## Source data
▶

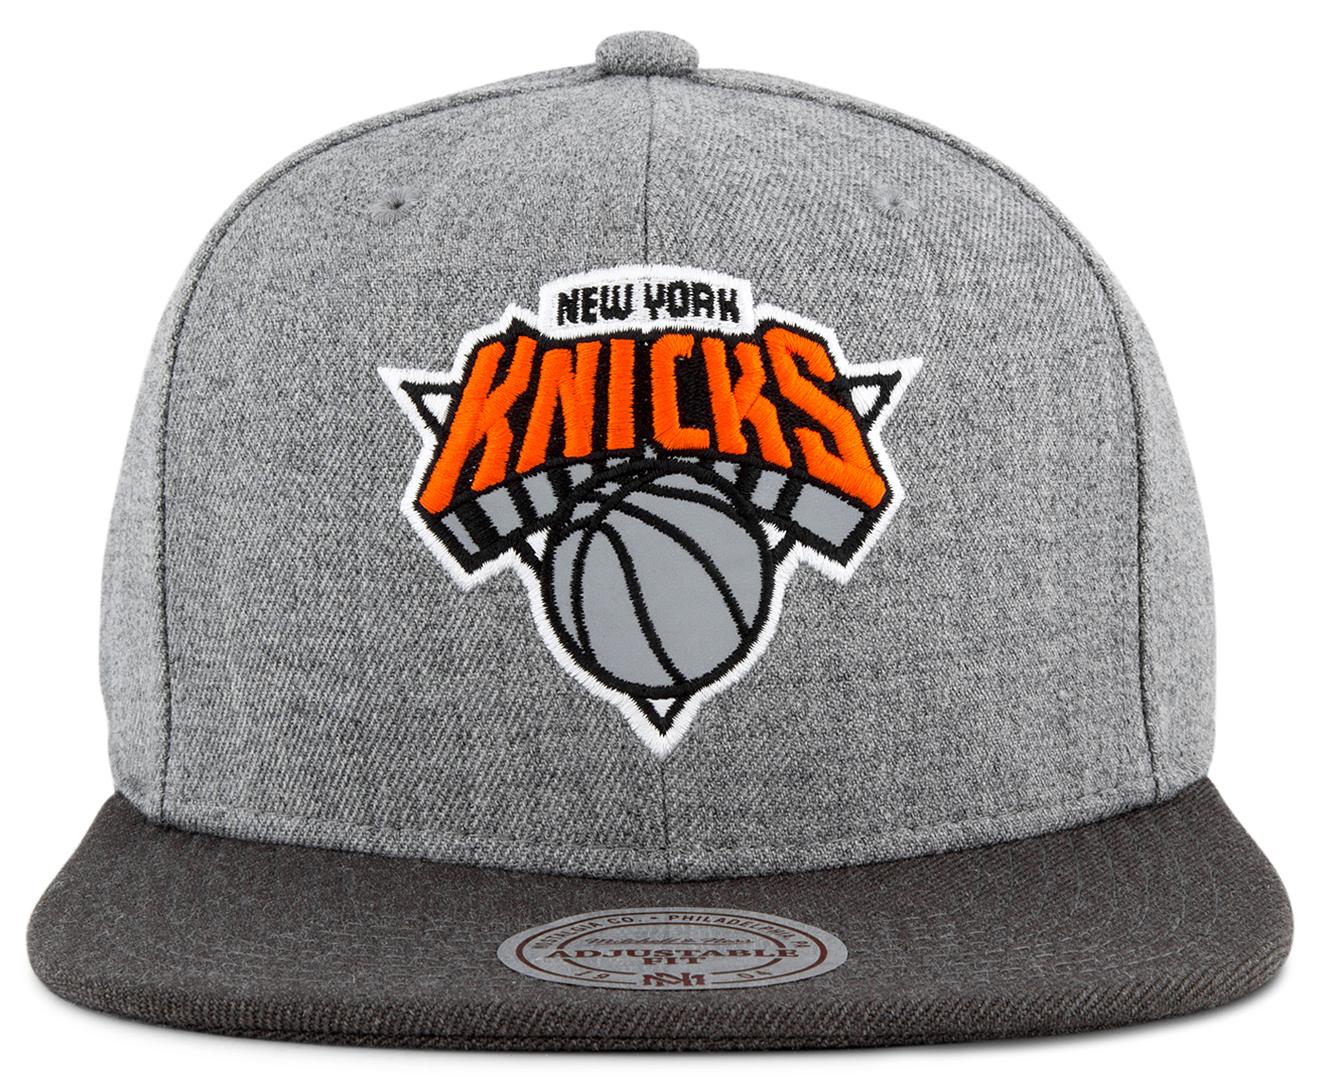 aa7a45ae3f8 Mitchell   Ness Heather Reflective Snapback Hat - New York Knicks   Grey
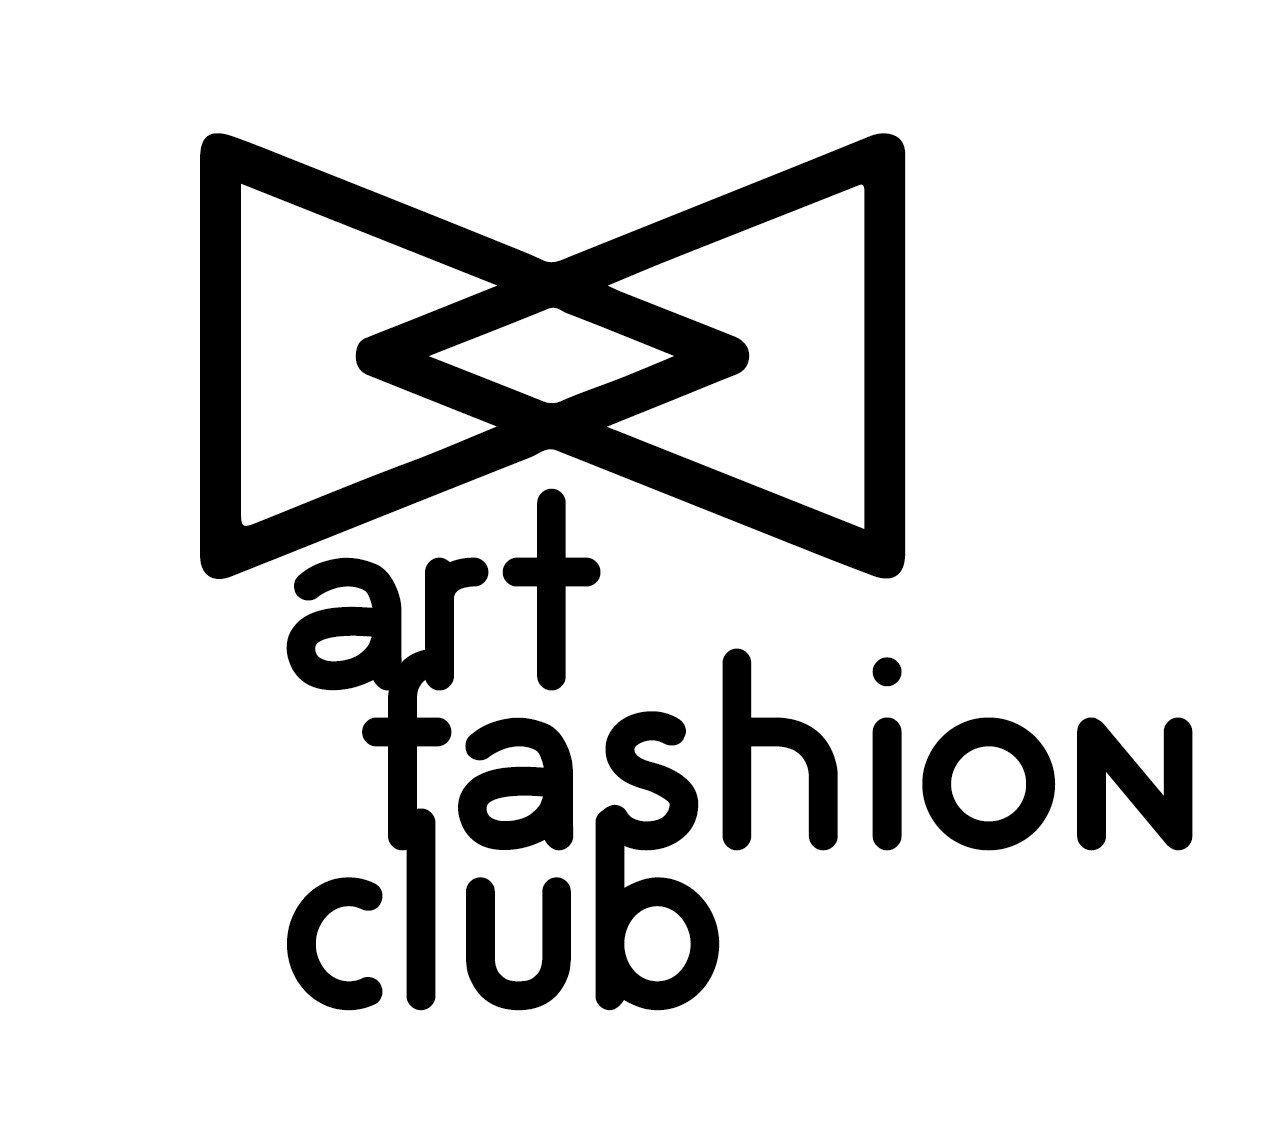 выставка одежда ручная работа ярмарка
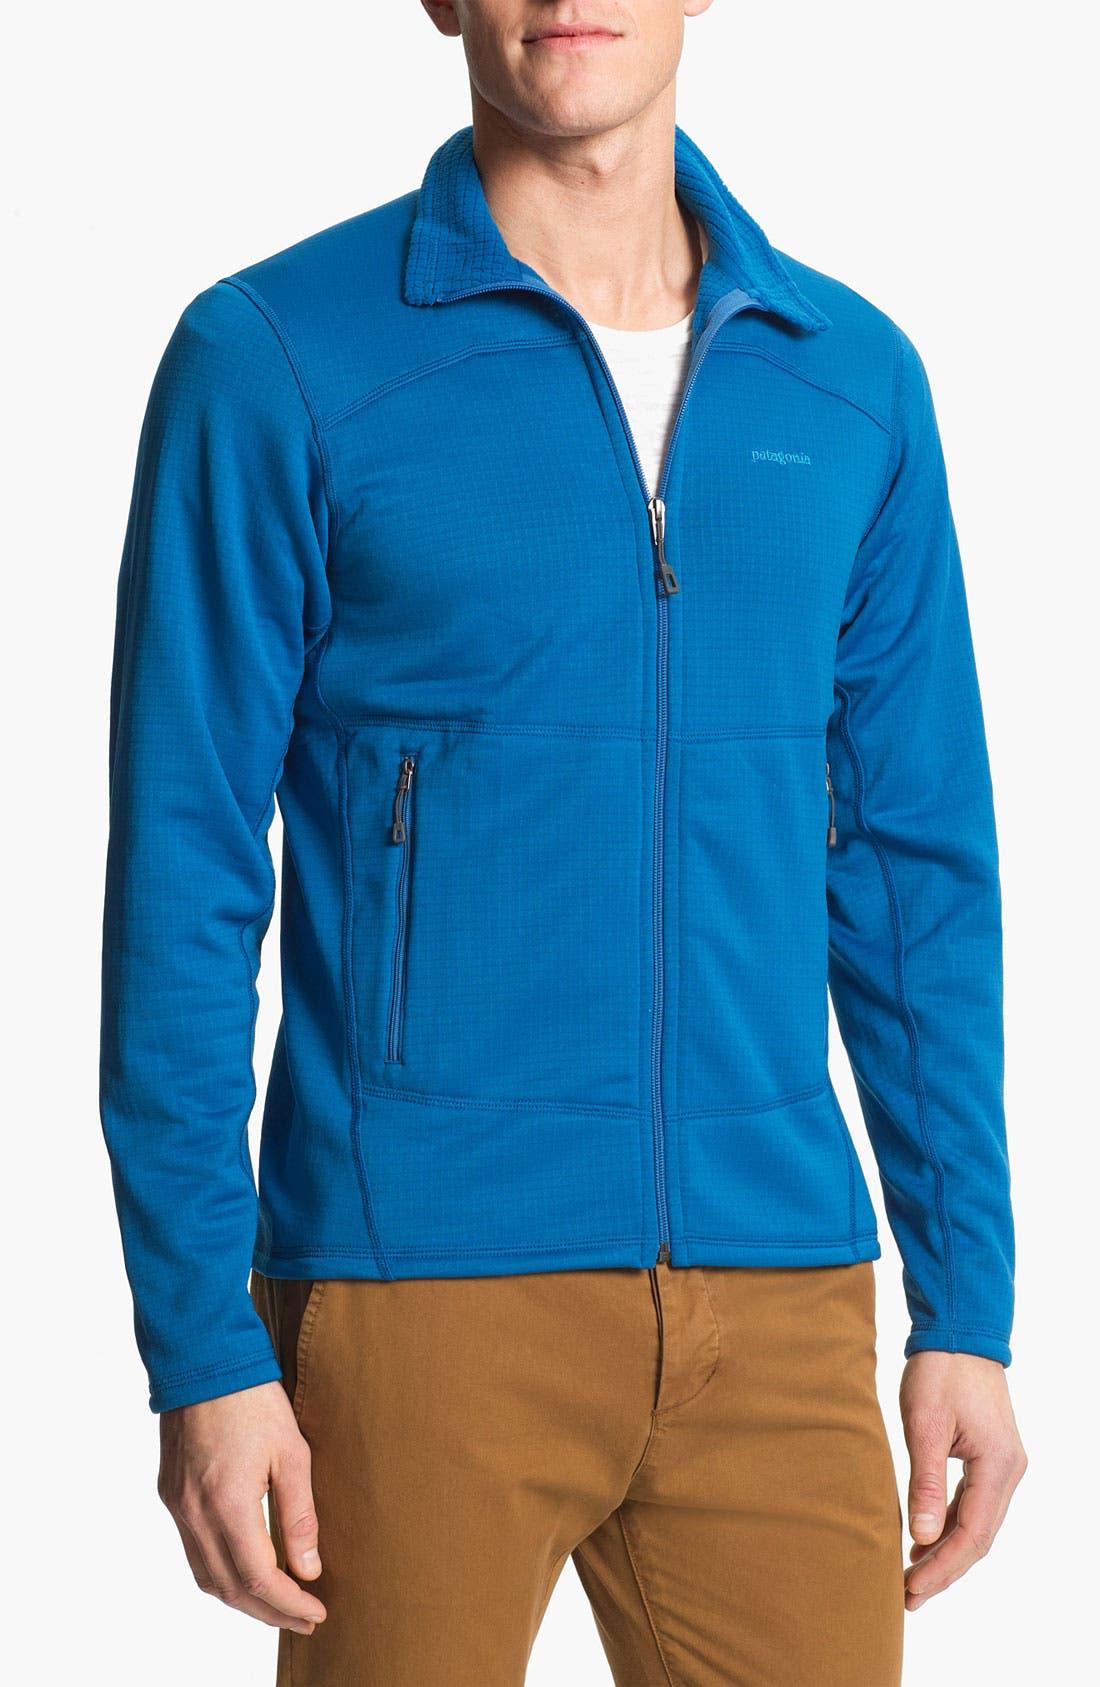 Main Image - Patagonia 'MSR1' Zip Fleece Jacket

◀

## Assignment
Word for word, restate all of the data, but do not copy the pictures.

## Solution to the exercise
 aa7a45ae3f8 Mitchell   Ness Heather Reflective Snapback Hat - New York Knicks   Grey
 выставка одежда ручная работа ярмарка
 Main Image - Patagonia 'MSR1' Zip Fleece Jacket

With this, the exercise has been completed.